Plasma from Volunteers Breathing Helium Reduces Hypoxia-Induced Cell Damage in Human Endothelial Cells-Mechanisms of Remote Protection Against Hypoxia by Helium

Kirsten F Smit  1 Gezina T M L Oei  1 Moritz Konkel  1 Quinten J J Augustijn  1 Markus W Hollmann  1 Benedikt Preckel  2 Hemal H Patel  3 Nina C Weber  1
Affiliations

Plasma from Volunteers Breathing Helium Reduces Hypoxia-Induced Cell Damage in Human Endothelial Cells-Mechanisms of Remote Protection Against Hypoxia by Helium

Kirsten F Smit et al. Cardiovasc Drugs Ther. 2019 Jun.

Abstract

Purpose: Remote ischemic preconditioning protects peripheral organs against prolonged ischemia/reperfusion injury via circulating protective factors. Preconditioning with helium protected healthy volunteers against postischemic endothelial dysfunction. We investigated whether plasma from helium-treated volunteers can protect human umbilical vein endothelial cells (HUVECs) against hypoxia in vitro through release of circulating of factors.

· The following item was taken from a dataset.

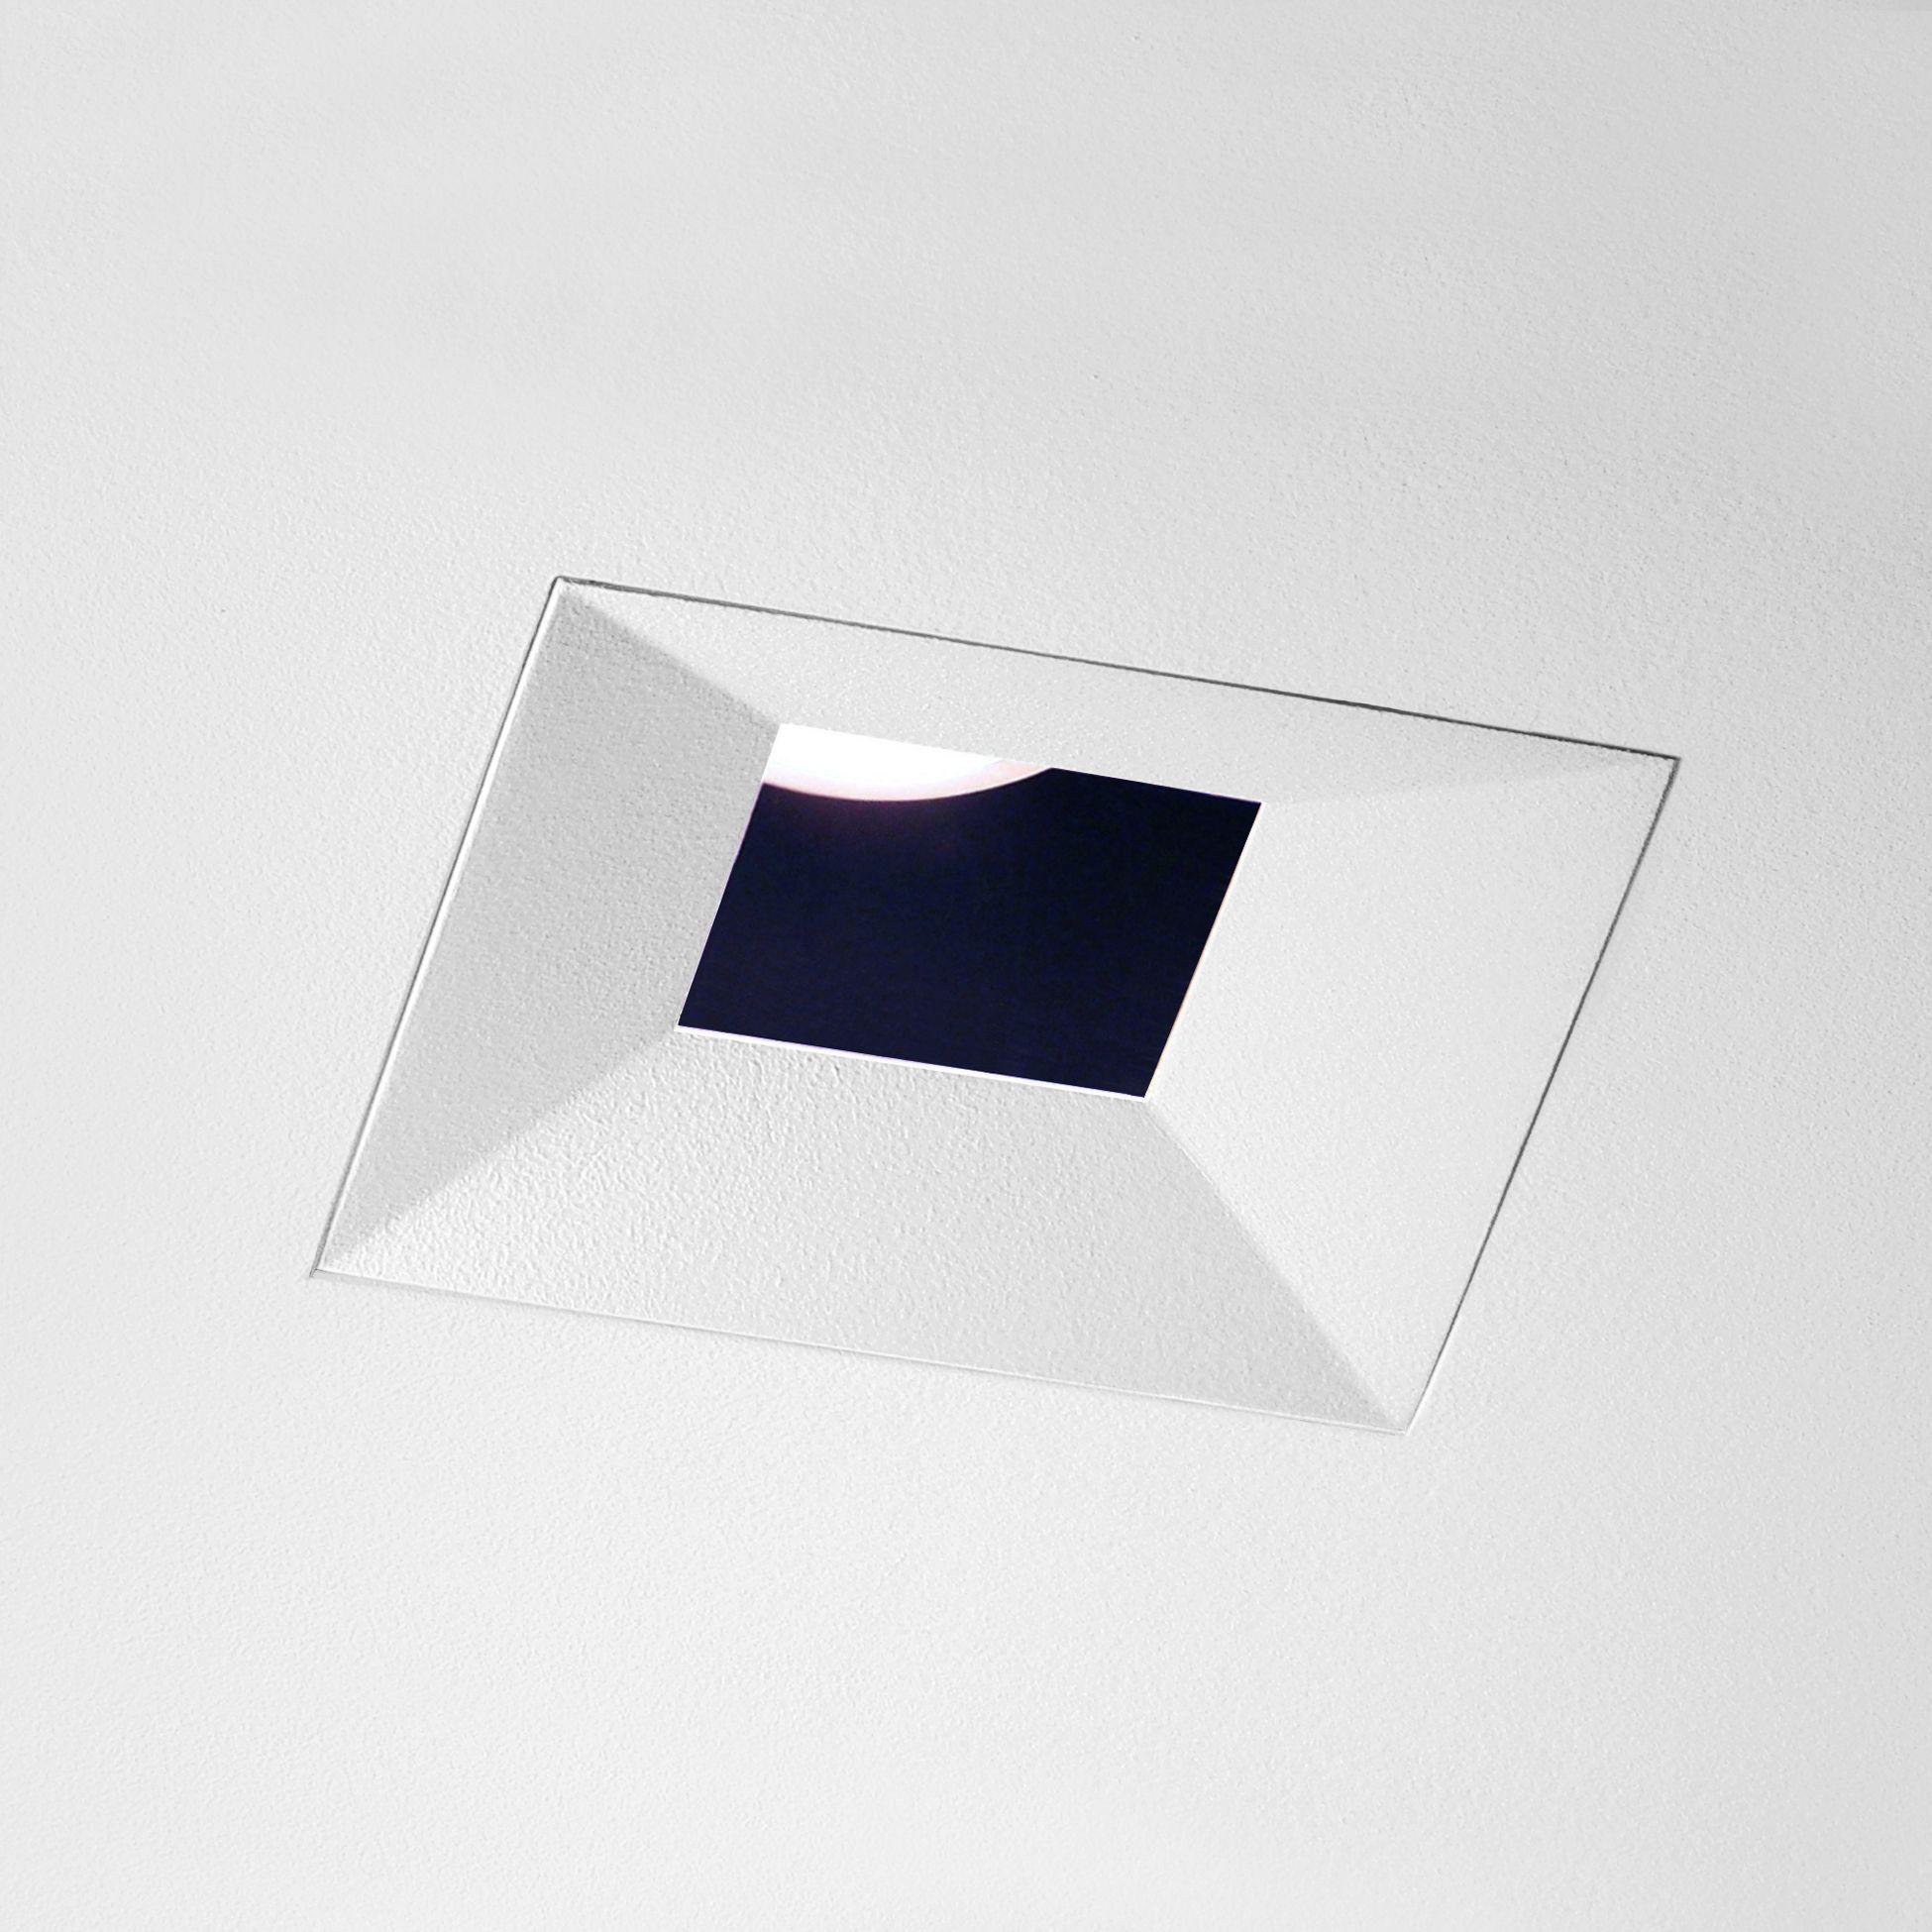 No 8 Lighting Adjustable Downlight Square Lamp Downlights Recessed Lighting

Methods: Healthy male volunteers inhaled heliox (79% helium, 21% oxygen) or air for 30 min. Plasma was collected at baseline, directly after inhalation, 6 h and 24 h after start of the experiment. HUVECs were incubated with either 5% or 10% of the plasma for 1 or 2 h and subjected to enzymatically induced hypoxia. Cell damage was measured by LDH content. Furthermore, caveolin 1 (Cav-1), hypoxia-inducible factor (HIF1α), extracellular signal-regulated kinase (ERK)1/2, signal transducer and activator of transcription (STAT3) and endothelial nitric oxide synthase (eNOS) were determined.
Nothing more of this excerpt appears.